Sir Ninian Martin Stephen  (15 June 1923 – 29 October 2017) was an Australian judge who served as the 20th governor-general of Australia, in office from 1982 to 1989. He was previously a justice of the High Court of Australia from 1972 to 1982.

Stephen was born in England to Scottish parents. As a child he lived for periods in France, Germany, Scotland, and Switzerland, eventually arriving in Australia at the age of 16. Stephen served with the Australian Army during World War II, and after the war entered the legal profession. He became one of Australia's leading constitutional lawyers. Stephen was appointed to the Supreme Court of Victoria in 1970, and then to the High Court in 1972, aged 48. He was considered a member of the court's "moderate centre". In 1982, Stephen was appointed governor-general on the recommendation of Malcolm Fraser. He approved two double dissolutions during his time in office, the only governor-general to do so. After his term expired, Stephen remained active in public life as a conservationist and member of various international tribunals. He died at the age of 94, making him Australia's longest-lived governor-general.

Early life
Stephen was born in Nettlebed, Oxfordshire, England, to Scottish parents, Barbara (née Cruickshank) and Frederick Brown Stephen. His father, a chauffeur, poultry farmer and motorcycle courier in the First World War, left the family shortly after his birth, emigrating to Canada and starting a new family; his son was told that he had died, and did not learn the truth until 2003. Stephen's mother, formerly a lady's maid was a paid companion for Nina Mylne, the wealthy heiress of the Queensland pastoralist Graham Mylne; his given name was in her honour. During his early childhood, the three of them lived for periods in Switzerland (Geneva where he was christened and Montreaux), France (Paris, Cannes, and Saint-Cast-le-Guildo) and Germany (Wiesbaden), where Mylne took him to Nuremberg for the 1938 Reichsparteitag Grossdeutschland (5-12 September) which he photographed. They eventually moved to Edinburgh in 1929 so Stephen could begin his formal schooling.
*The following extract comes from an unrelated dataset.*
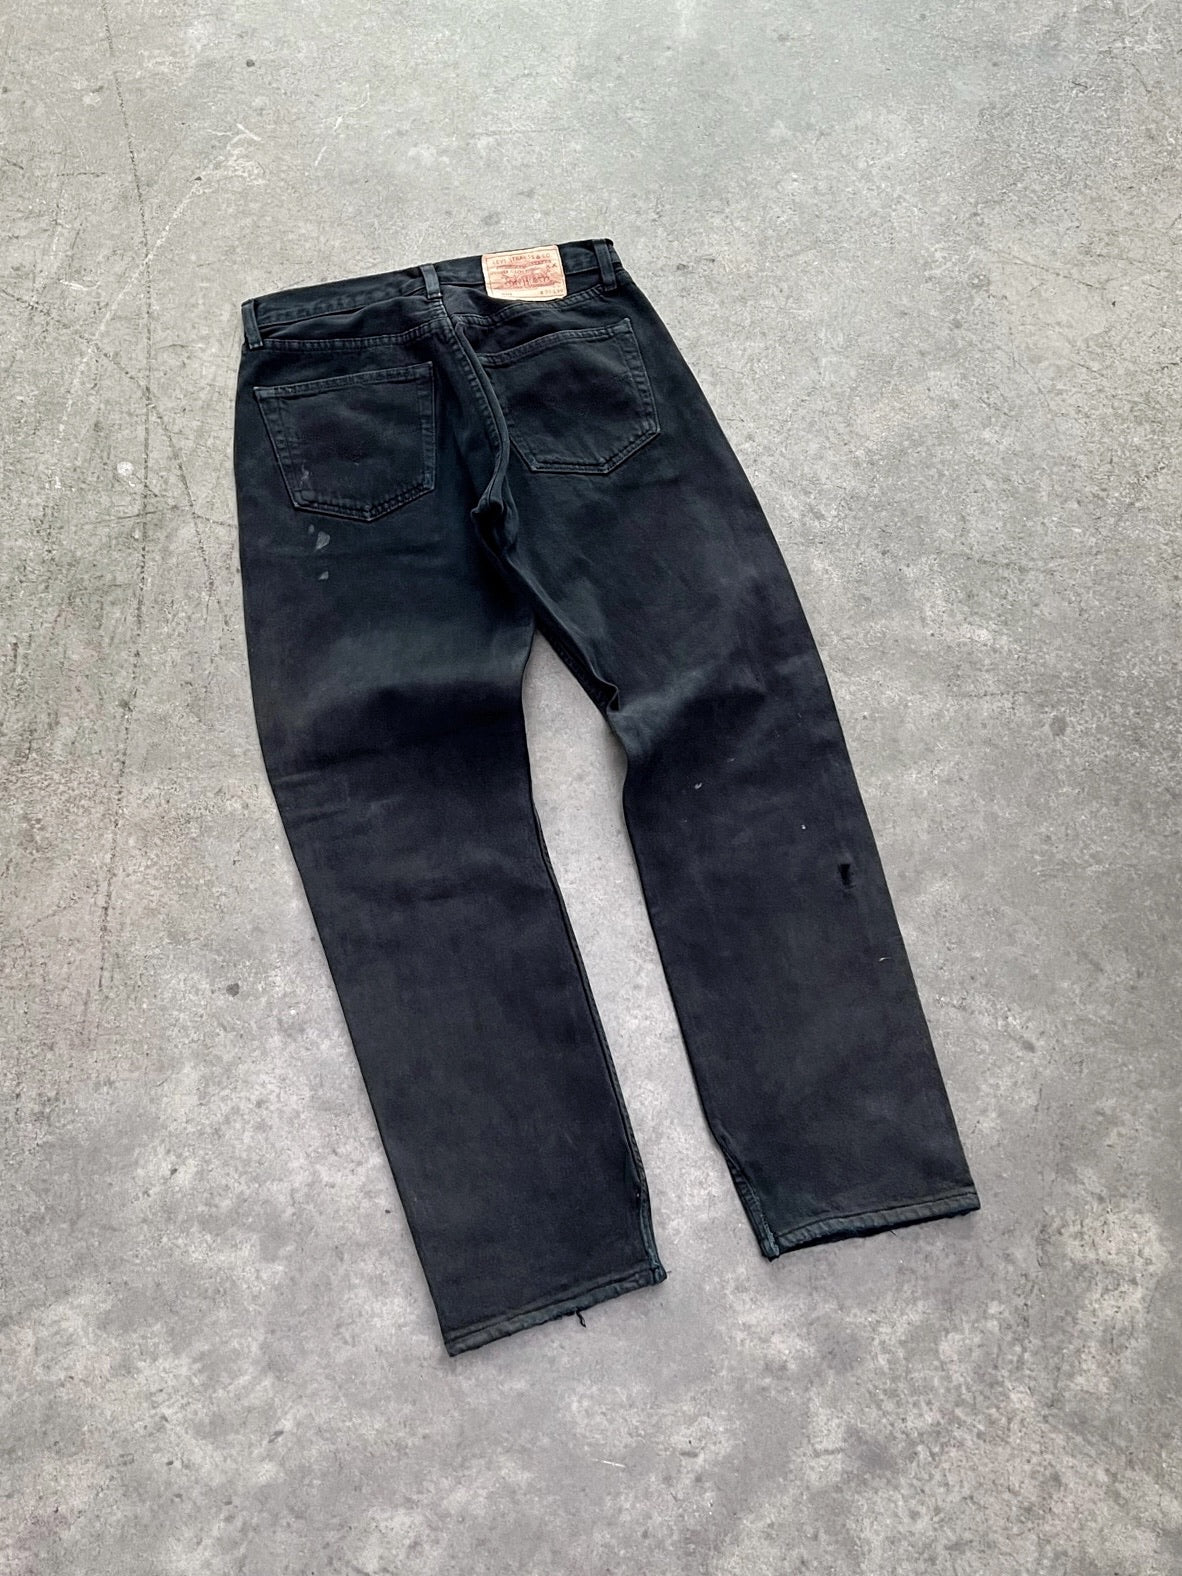 LEVI’S 501 FADED BLACK REPAIRED JEANS - 1990S

Mylne paid for Stephen's education, which took place in Scotland (George Watson's College and Edinburgh Academy), London (St Paul's School), and Switzerland (Chillon College, Montreux). He and Mylne generally travelled together, while his mother remained in Scotland and ran a boardinghouse. In 1940, the three of them moved to Melbourne to avoid the war, booking first into the Oriental Hotel then taking a flat in Linden Hall opposite Scotch College which Stephen attended for two terms, and was then accepted into the University of Melbourne to study law.

Second World War
In December 1941, following the end of his first year at university, Stephen enlisted in the Citizens Military Force to serve part-time in the Melbourne University Regiment. Following Japan's entry into the Second World War, Stephen completed full-time military training from 8 December 1941 to 15 February 1942 and was then posted to the 10th Field Regiment, Royal Australian Artillery, serving in Western Australia. He subsequently transferred to the Second Australian Imperial Force. In late 1943, Stephen transferred to the Royal Australian Engineers, serving in New Guinea from April to August 1944 with the 43rd Australian Water Transport Company. He then attended courses, culminating in a commissioning course in April 1945. As a lieutenant, he served in the 41st Australian Landing Craft Company in New Guinea and New Britain. In August 1945, he was posted to Labuan, Borneo, arriving after the war's end and serving there until January 1946. After returning to Australia, he was discharged on 5 February 1946.

Legal career
Stephen completed his studies after the war's end, and was admitted to the Victorian Bar in 1949. By the 1960s, he had become one of Australia's leading constitutional and commercial lawyers. He was made a Queen's Counsel in 1966.

Judicial career
On 30 June 1970, Stephen was appointed as a judge of the Supreme Court of Victoria. He held this position until 29 February 1972, relinquishing it to take up his appointment as a justice of the High Court of Australia. Sworn of the Privy Council of the United Kingdom in 1979 and sat as a member of its Judicial Committee.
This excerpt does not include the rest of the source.